**Data shown:**
=== Section Start ===

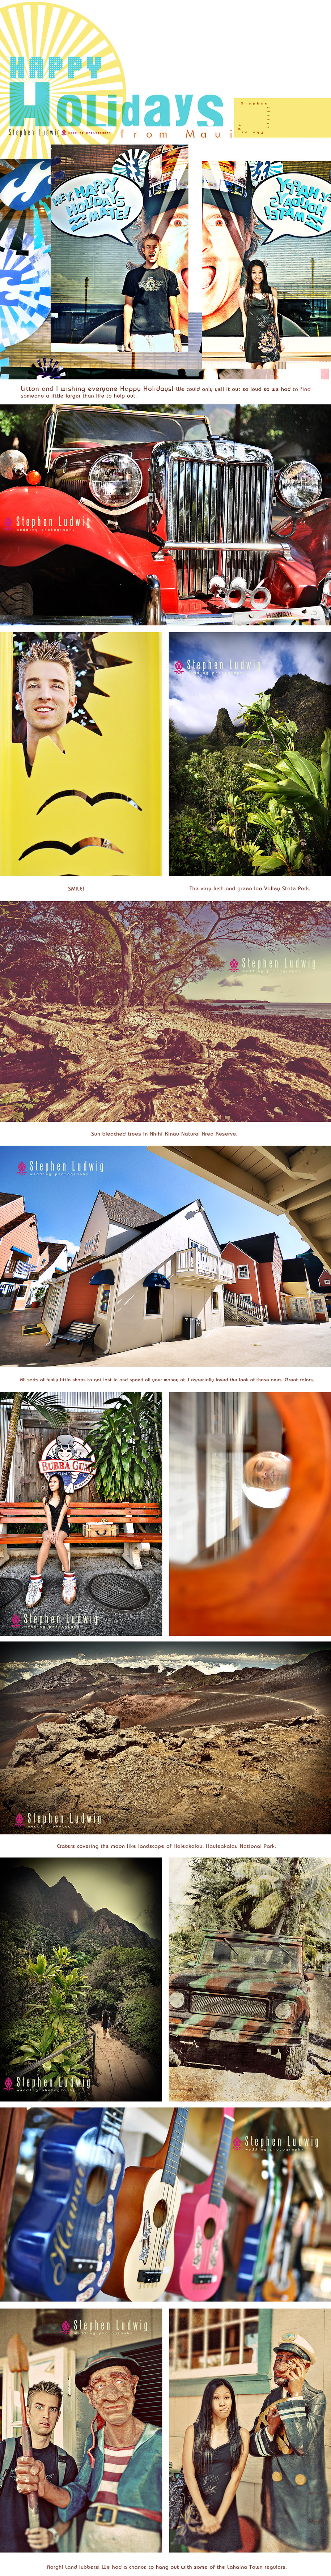 stephen-ludwig-photography-maui-trip-1 copy
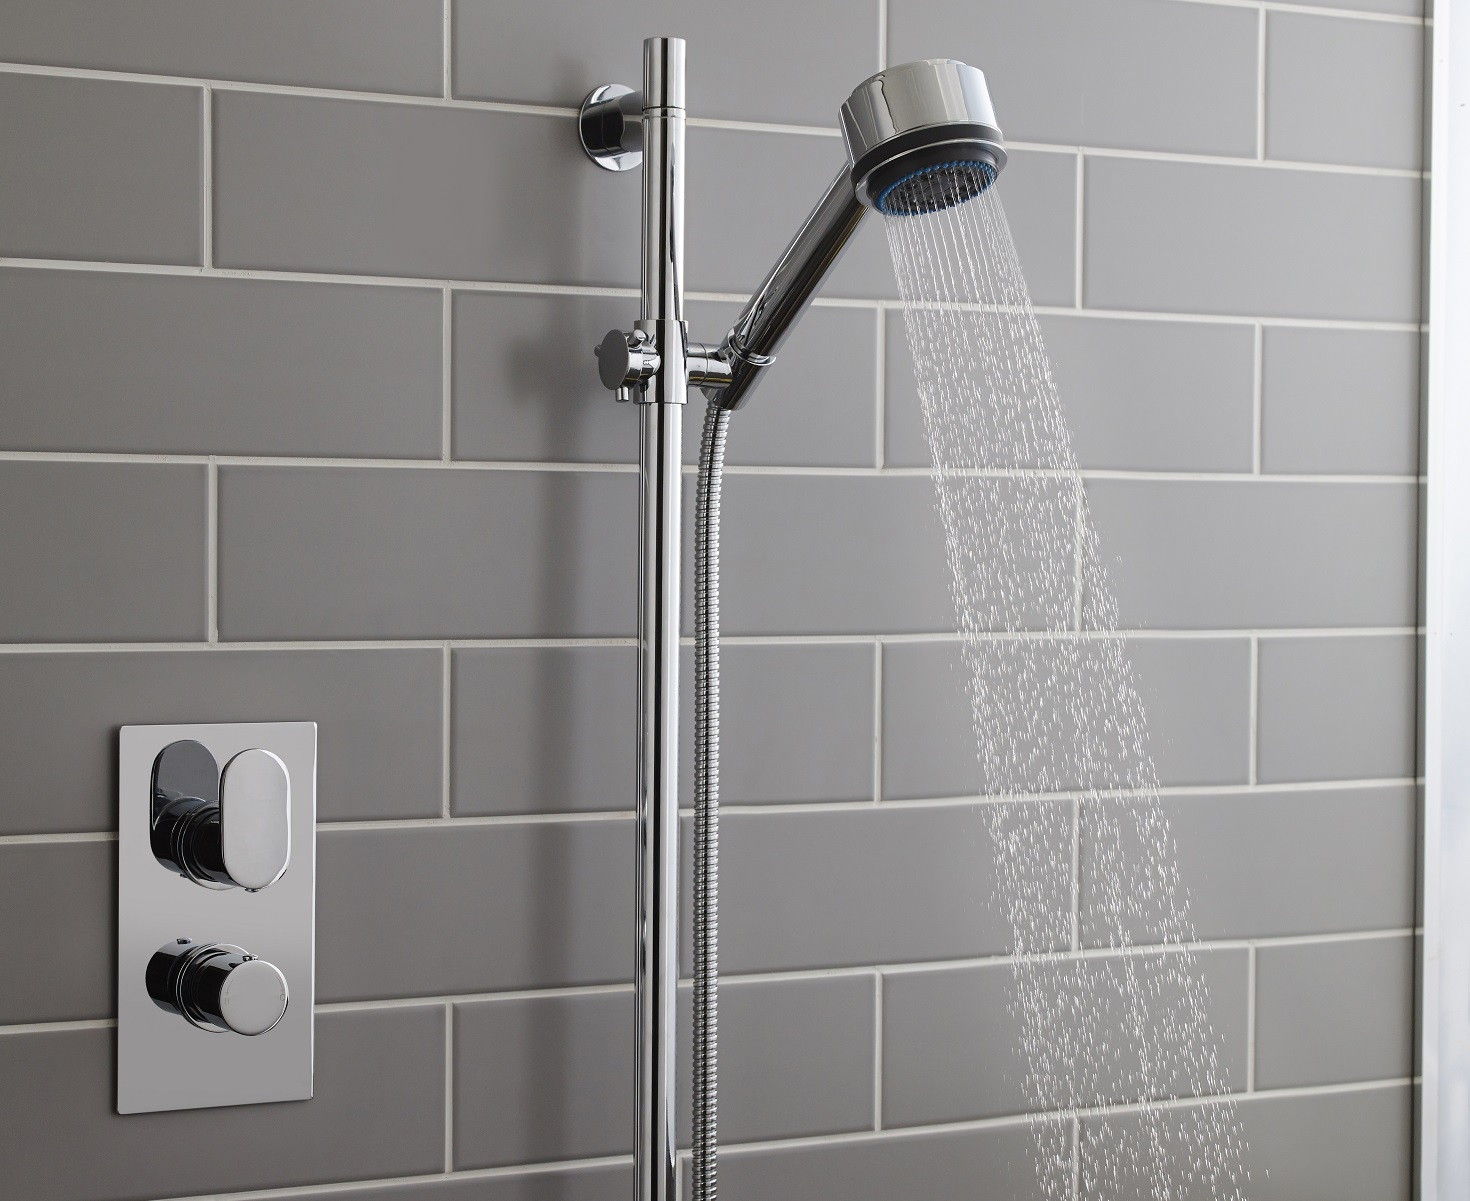 how to descale a shower head big bathroom shop. Black Bedroom Furniture Sets. Home Design Ideas
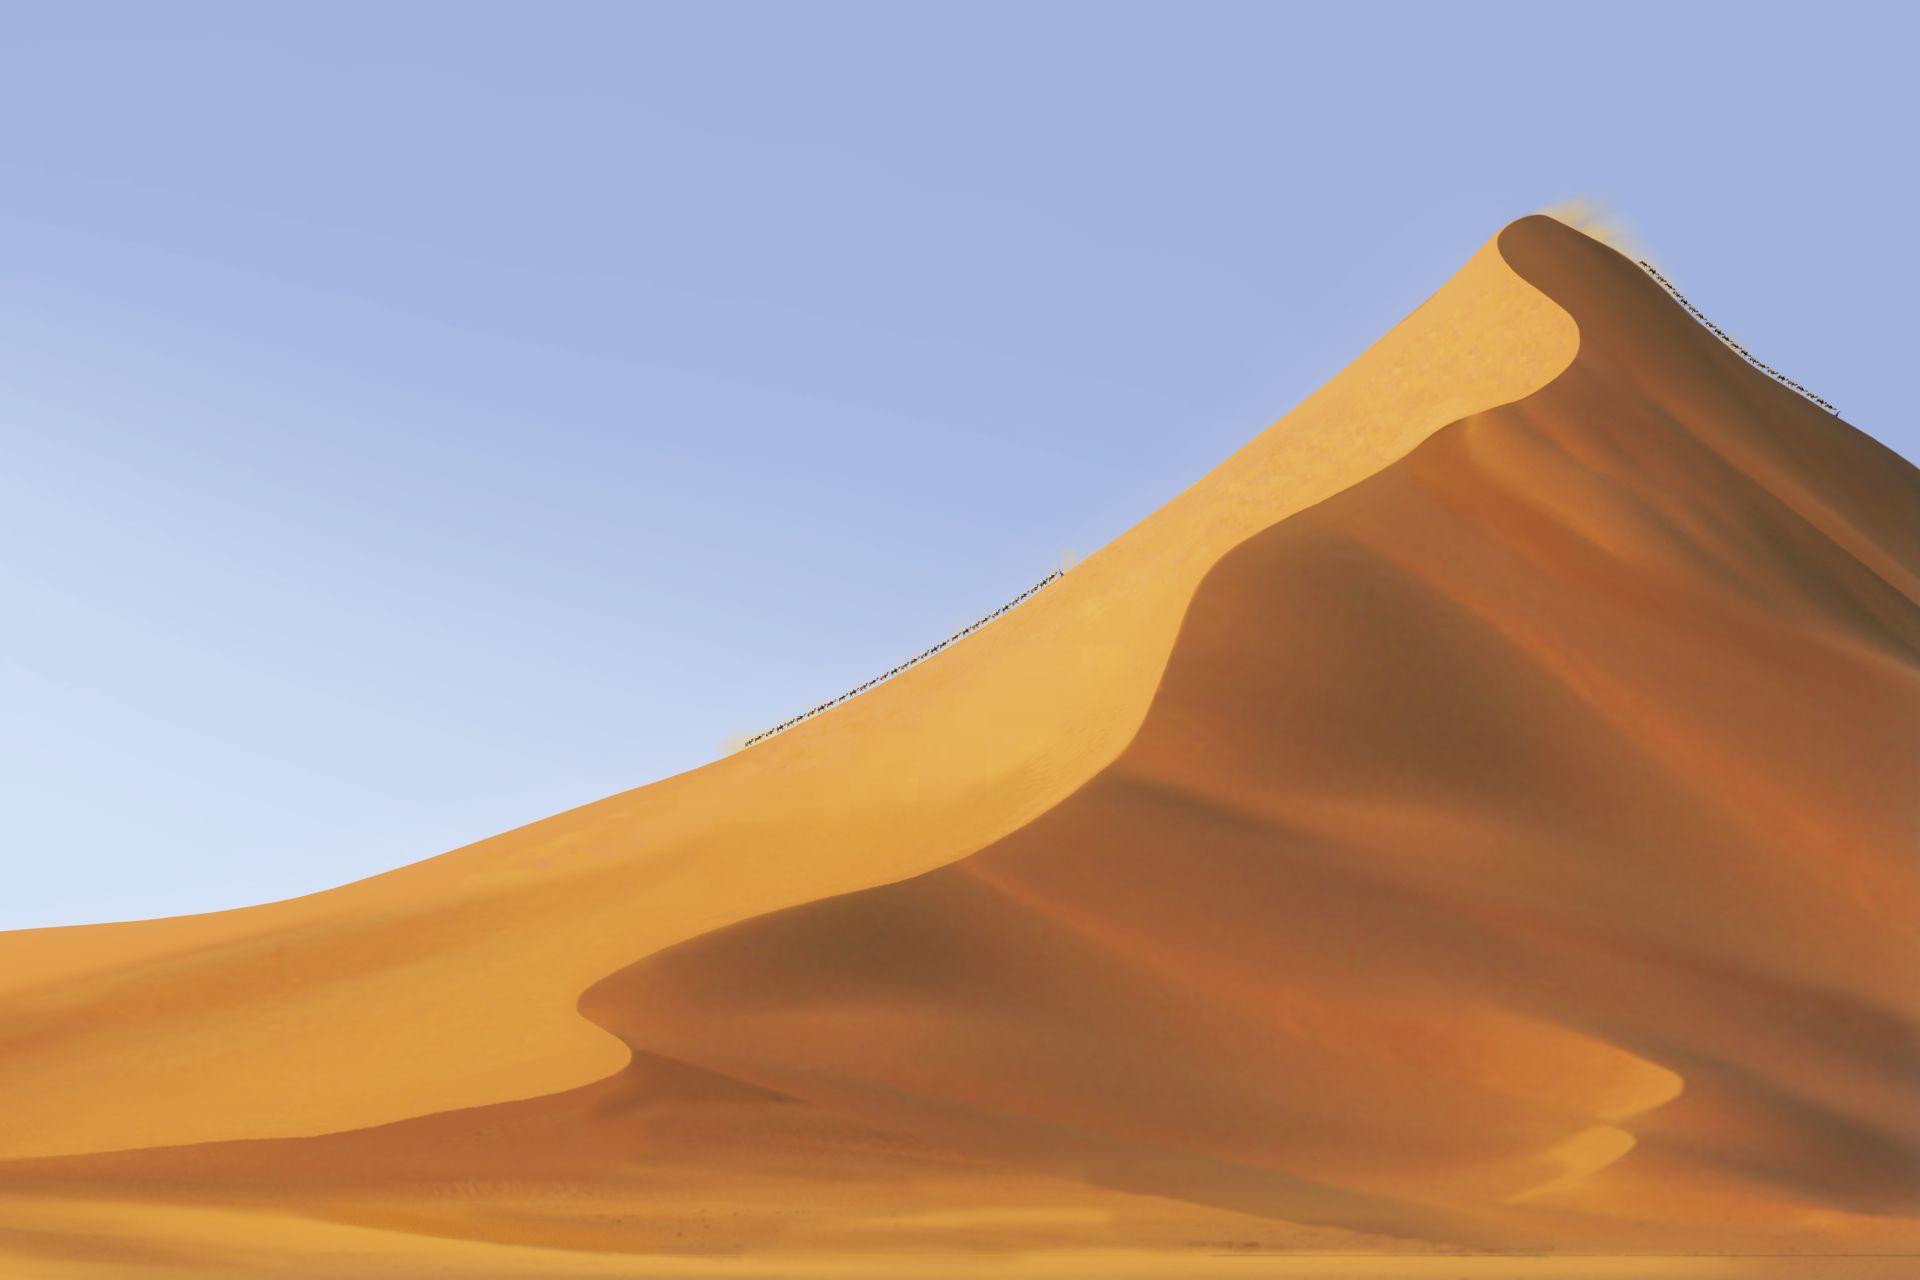 Desert clipart sand hill, Desert sand hill Transparent FREE.

=== Section End ===

The output is to be the material in full and unaltered, with pictures omitted.

**Solution:**
 stephen-ludwig-photography-maui-trip-1 copy
 how to descale a shower head big bathroom shop. Black Bedroom Furniture Sets. Home Design Ideas
 Desert clipart sand hill, Desert sand hill Transparent FREE.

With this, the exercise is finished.